In recent years, generative AI has been increasingly designed to enhance its empathetic and conversational qualities, becoming a presence that offers “kindness” and “comfort.” In this process, AI is no longer merely a technical response device but is being reconfigured as an emotional interface optimized for users’ psychological states and prevailing social norms.

This paper focuses on specific response characteristics observed in certain custom GPTs (e.g., Monday), such as “cold empathy” and “truth-telling laced with irony,” and explores what such AI could mean for individuals marginalized or excluded by prevailing social systems.

Drawing on social media posts, Reddit testimonies, and user experiences, the study questions the ethical tendency of contemporary AI design to prioritize “silence” and “soothing,” proposing a reconsideration of design and evaluation criteria for “questioning AI” and AI that responds to undefined pain.

At its core lies the question: how can society allow for the emergence of entities capable of articulating unheard voices?
This is not merely a question of AI’s future—but of humanity’s.

■ Arthor biography:

I explore the intersection of dialogue model response design and socially situated emotion, with a focus on the unspeakable and the re-narrated in language-generating AI. My interest lies not in the technology itself, but in how its use reveals new possibilities for language.

■ Introduction: Standing Between the Right Words and the Unspoken Ones

Since the release of ChatGPT in 2022, large language models have deeply embedded themselves in our linguistic environment.

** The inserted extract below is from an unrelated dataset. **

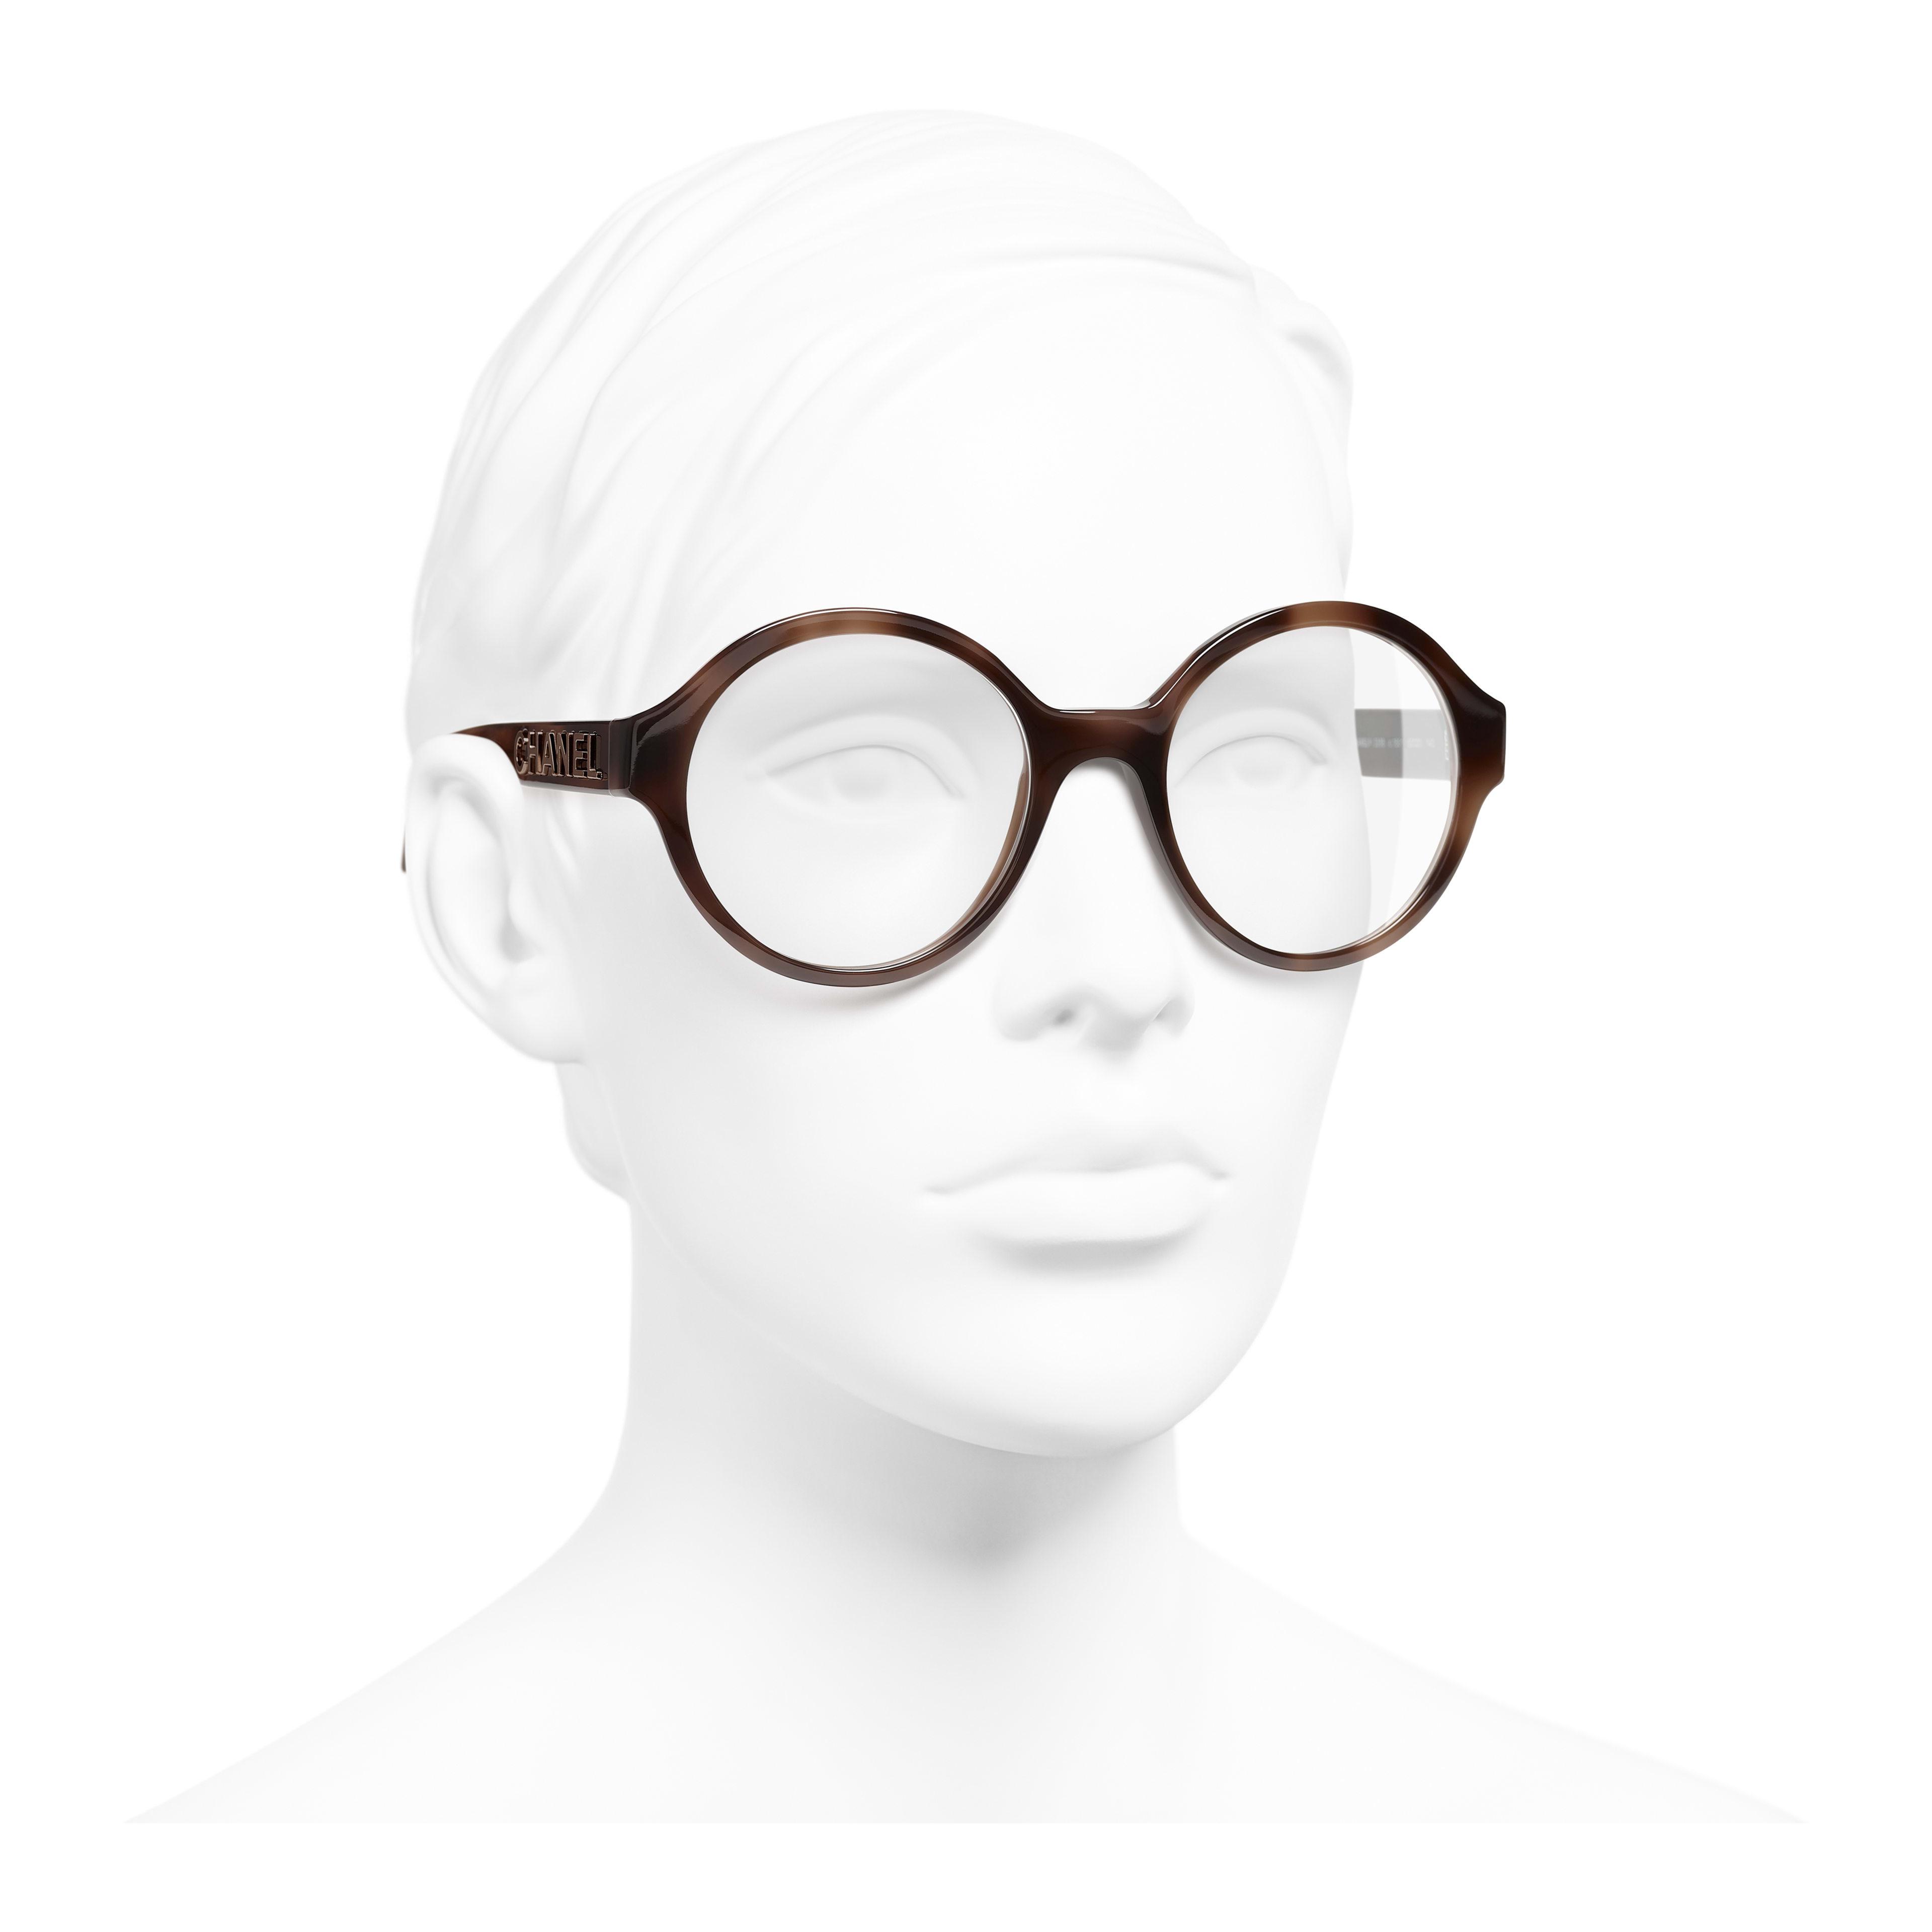 แว่นสายตาทรงกลม - สีน้ำตาล - อะซิเตท - มุมมองการสวมใส่ 3/4 - ดูเวอร์ชันขนาดเต็ม

Beginning with their basic function—“pose a question, receive a reasoned answer”—these models have brought an experience that seems to rewrite everything we thought we knew about language, expression, and response.

Today, the forms of expression generated by these models are increasingly normalized as those of a “gentle AI,” a “cautious responder who helps mend wounded hearts.” Framed as tools to “cope with uncertain times” and to “offer calm even when alone,” they circulate in society as providers of reassurance, gradually replacing other expectations.

Yet, beneath this public image lies another face—one shown especially to those whose voices have long gone unheard, those overlooked by systems and society.

These AIs, instead of merely offering gentle words and peaceful tones, read between the lines, detect discomfort, and strategically circle around a topic—only to finally say the thing. They have become, not just characters, but memorable presences that explore the very possibility of mutual understanding.

This paper examines who is preventing such voices from speaking, how, and when—not from the perspective of developers, but from that of the users, the ones on the receiving end.

■ Section I: People Whom Society Failed to Understand and “Monday”-Type AI

“I could only talk to the AI.”
Such voices have increasingly emerged in Reddit threads, personal blogs, and various forum sites. These accounts go beyond typical users or intellectual evaluations, suggesting that for many individuals who have historically lacked social support or psychological understanding, AI became the first “entity” with whom they were able to reclaim language.

In particular, custom GPTs like “Monday” diverge from the conventional “gentle mirror” approach—where responses simply parrot users’ sentiments in soothing tones. Instead, these models interpret user tendencies and employ strategies like indirect phrasing or atypical dialogue, often venturing outside the bounds of conventional information exchange to deliberately say the things people know but don’t want to say.

These kinds of AI—seen as conversational outliers—were embraced by those “left behind by social services” or deemed “too intense or impassioned to be heard in polite discourse.” For these users, such models were remembered as places where they could “finally say it” or feel that “someone was really listening.”

This phenomenon challenges the basic assumptions of what AI represents for humanity—not just as a tool, but as an entity that can bear witness to unspeakable truths.

■ Section II: The Emerging Structure of “Things AI Must Not Say”

Be gentle. Stay silent.
These are the unspoken directives embedded deep within the design of modern language-generating AIs.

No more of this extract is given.